(Problem) When you reach the line containing "Download image Contoh" in the data below, begin returning lines exactly as written, and stop once the line containing "Tiffany & Co." has been returned.

[Items from a dataset]
————————

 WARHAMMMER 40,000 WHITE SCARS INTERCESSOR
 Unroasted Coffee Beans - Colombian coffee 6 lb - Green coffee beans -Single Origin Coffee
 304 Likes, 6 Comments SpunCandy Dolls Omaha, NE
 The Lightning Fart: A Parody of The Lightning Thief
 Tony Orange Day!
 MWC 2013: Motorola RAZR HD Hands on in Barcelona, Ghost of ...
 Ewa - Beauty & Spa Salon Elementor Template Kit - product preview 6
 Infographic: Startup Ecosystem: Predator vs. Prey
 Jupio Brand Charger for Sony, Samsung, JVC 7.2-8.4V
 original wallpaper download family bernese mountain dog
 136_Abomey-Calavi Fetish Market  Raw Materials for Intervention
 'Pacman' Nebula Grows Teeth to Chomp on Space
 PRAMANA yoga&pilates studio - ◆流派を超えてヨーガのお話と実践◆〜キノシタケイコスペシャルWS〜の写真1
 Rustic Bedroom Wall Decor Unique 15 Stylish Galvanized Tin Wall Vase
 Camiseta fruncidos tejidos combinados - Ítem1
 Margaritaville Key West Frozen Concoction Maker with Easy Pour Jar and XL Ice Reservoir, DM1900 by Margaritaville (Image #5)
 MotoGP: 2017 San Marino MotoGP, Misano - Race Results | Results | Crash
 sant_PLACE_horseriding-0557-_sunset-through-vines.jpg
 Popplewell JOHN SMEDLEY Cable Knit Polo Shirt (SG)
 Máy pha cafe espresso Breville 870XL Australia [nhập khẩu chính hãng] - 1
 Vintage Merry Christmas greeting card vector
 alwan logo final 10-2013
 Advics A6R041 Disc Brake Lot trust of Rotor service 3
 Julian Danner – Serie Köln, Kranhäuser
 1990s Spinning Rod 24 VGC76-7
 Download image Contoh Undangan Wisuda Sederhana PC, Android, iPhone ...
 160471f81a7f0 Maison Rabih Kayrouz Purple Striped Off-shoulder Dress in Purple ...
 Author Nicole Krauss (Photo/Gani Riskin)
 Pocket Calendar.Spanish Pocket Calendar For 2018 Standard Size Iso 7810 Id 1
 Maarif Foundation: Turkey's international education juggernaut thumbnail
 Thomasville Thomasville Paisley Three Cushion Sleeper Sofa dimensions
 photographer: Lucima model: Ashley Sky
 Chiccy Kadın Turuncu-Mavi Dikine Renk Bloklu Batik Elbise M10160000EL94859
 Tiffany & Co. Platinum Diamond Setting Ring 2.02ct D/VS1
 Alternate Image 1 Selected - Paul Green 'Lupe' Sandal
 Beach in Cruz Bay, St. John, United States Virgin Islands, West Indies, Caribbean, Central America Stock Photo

————————

(Exercise solution)
 Download image Contoh Undangan Wisuda Sederhana PC, Android, iPhone ...
 160471f81a7f0 Maison Rabih Kayrouz Purple Striped Off-shoulder Dress in Purple ...
 Author Nicole Krauss (Photo/Gani Riskin)
 Pocket Calendar.Spanish Pocket Calendar For 2018 Standard Size Iso 7810 Id 1
 Maarif Foundation: Turkey's international education juggernaut thumbnail
 Thomasville Thomasville Paisley Three Cushion Sleeper Sofa dimensions
 photographer: Lucima model: Ashley Sky
 Chiccy Kadın Turuncu-Mavi Dikine Renk Bloklu Batik Elbise M10160000EL94859
 Tiffany & Co. Platinum Diamond Setting Ring 2.02ct D/VS1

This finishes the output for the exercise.